The discriminator is trained to distinct between "real" action/messages (expert data) and "fake" (generated). The input for the discriminator is given by the latent vector of the current state (history + last messages) and the suggested action/message. To optimize the discriminator the loss function of a "least squares GAN" is used. To avoid a non-differentiable network, the generator receives the discriminator feedback as a reward and optimize its policy accordingly.
The critic approximates the value function of the current state. It receives the latent vector from the encoder. The critic is only used while running the model online mode.
The agent can be trained offline (using "expert data" as ground truth) or online (using firsthand feedback of other swergio components).
In offline mode, the model is trained based on given expert data. This includes the encoder, the generator as well as the discriminator. To fit the discriminator to "fake" data, the generator generates messages based on a random latent vector input. See the chart for an overview:
To start the offline training we can run the "runOffline.py" file.
In online mode, the model is trained based on the received feedback of connected swergio components. The online runner is separated into three main modules.
The actor will receive the last observation and uses the network to generate the next action. To further explore the observation state the actor will randomly choose an action that is not necessarily optimized.
Up to N of the last observations and final actions of the actor are stored in the experience class.
After N steps or end of an episode (next question from a client), the trainer trains the model based on the saved experiences.
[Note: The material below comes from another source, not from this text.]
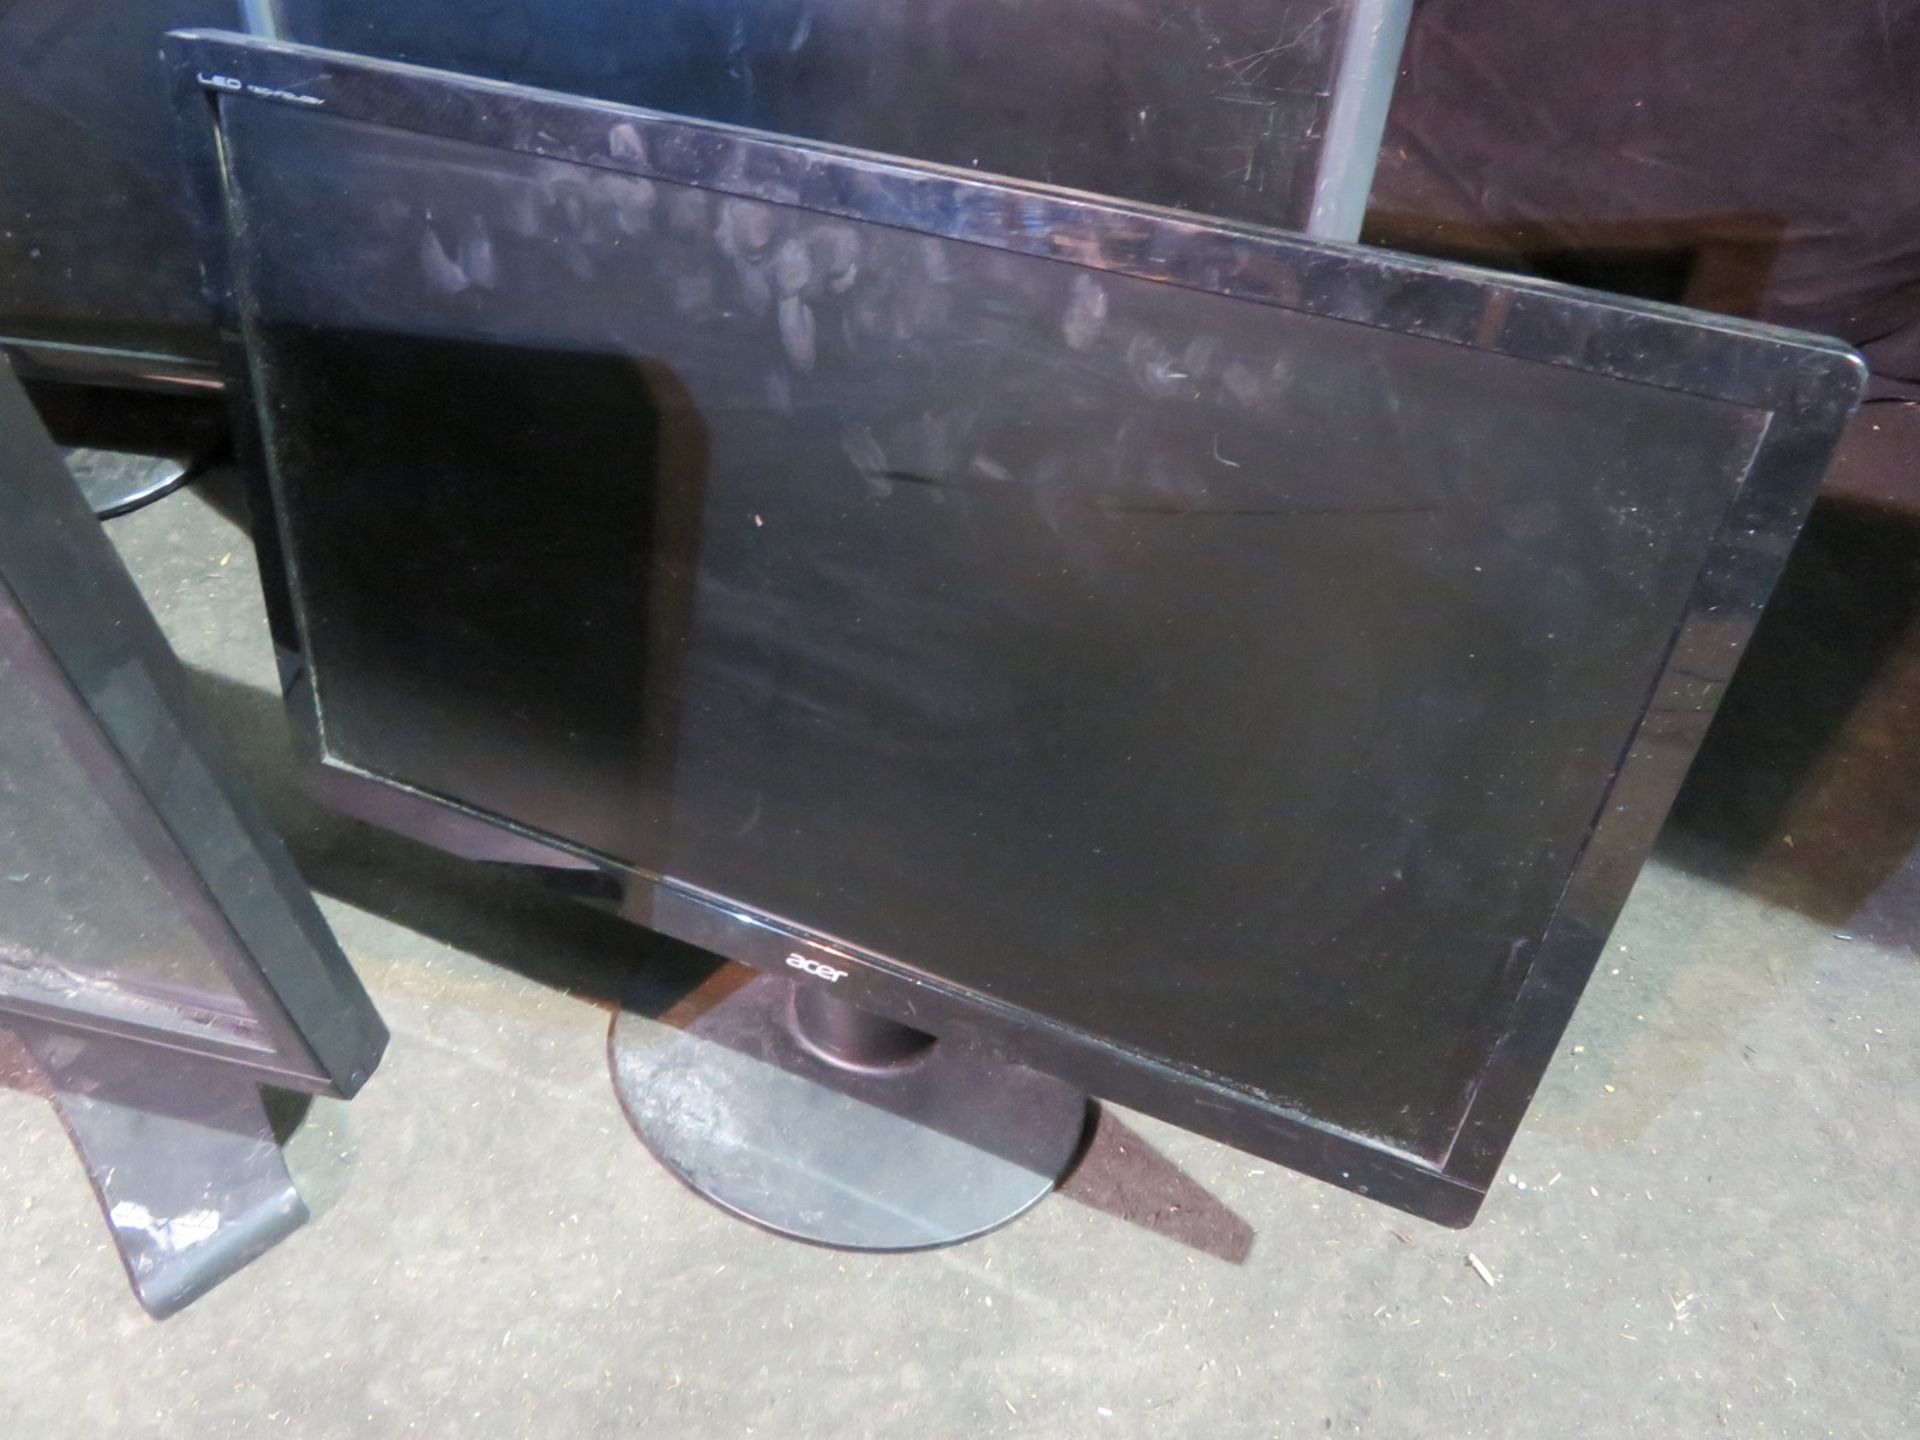 6 x LCD computer monitors of various makes and sizes. Including Dell, Acer and Iiyama. - Image 4 of 7

In addition to the experience, expert data is used to continuously train the generator and discriminator on "real" data.
See the chart for an overview:
To start the online mode run the "run.py" file.
Argument: --logdir
Enviroment variable: LOG_PATH
Argument: --savedir
Enviroment variable: MODELSAVE_PATH
Argument: --expertdata
Enviroment variable: EXPERTDATA_PATH
Argument: --agents (e.g. = agent_A, agent_B) Enviroment variable: AGENT
Argument: --worker (e.g. = worker_A, worker_B) Enviroment variable: WORKER
Argument: --knowledge (e.g. = kb_A, kb_B) Enviroment variable: KNOWLEDGEBASE
Argument: --batchsize = 20
Argument: --memorysize = 10
Argument: --latentsize = 30
Argument: -li,--logint =500
Argument: -si,--saveint =5000
Argument: --entcoef = 0.01
Argument: --latentlossweight = 1
Argument: --generationlossweight = 1
Argument: --GANGlossweight = 1
Argument: --GANDlossweight = 1
Argument: --policylossweight = 1
Argument: --criticlossweight = 0.5
Argument: --alpha = 0.99
Argument: --epsilon = 1e-5
Argument: --maxgradnorm = 0.5
Argument: -lr,--learningrate =7e-3
Argument: -ts,trainsteps-- =50000
Argument: --gamma =0.99
Argument: --gaelambda =0.96
Argument: --actprobability =1
Argument: --explorprobability =0.05
This is an overview of the main sources and ideas being used for code snippets, implementation, and inspiration of this model.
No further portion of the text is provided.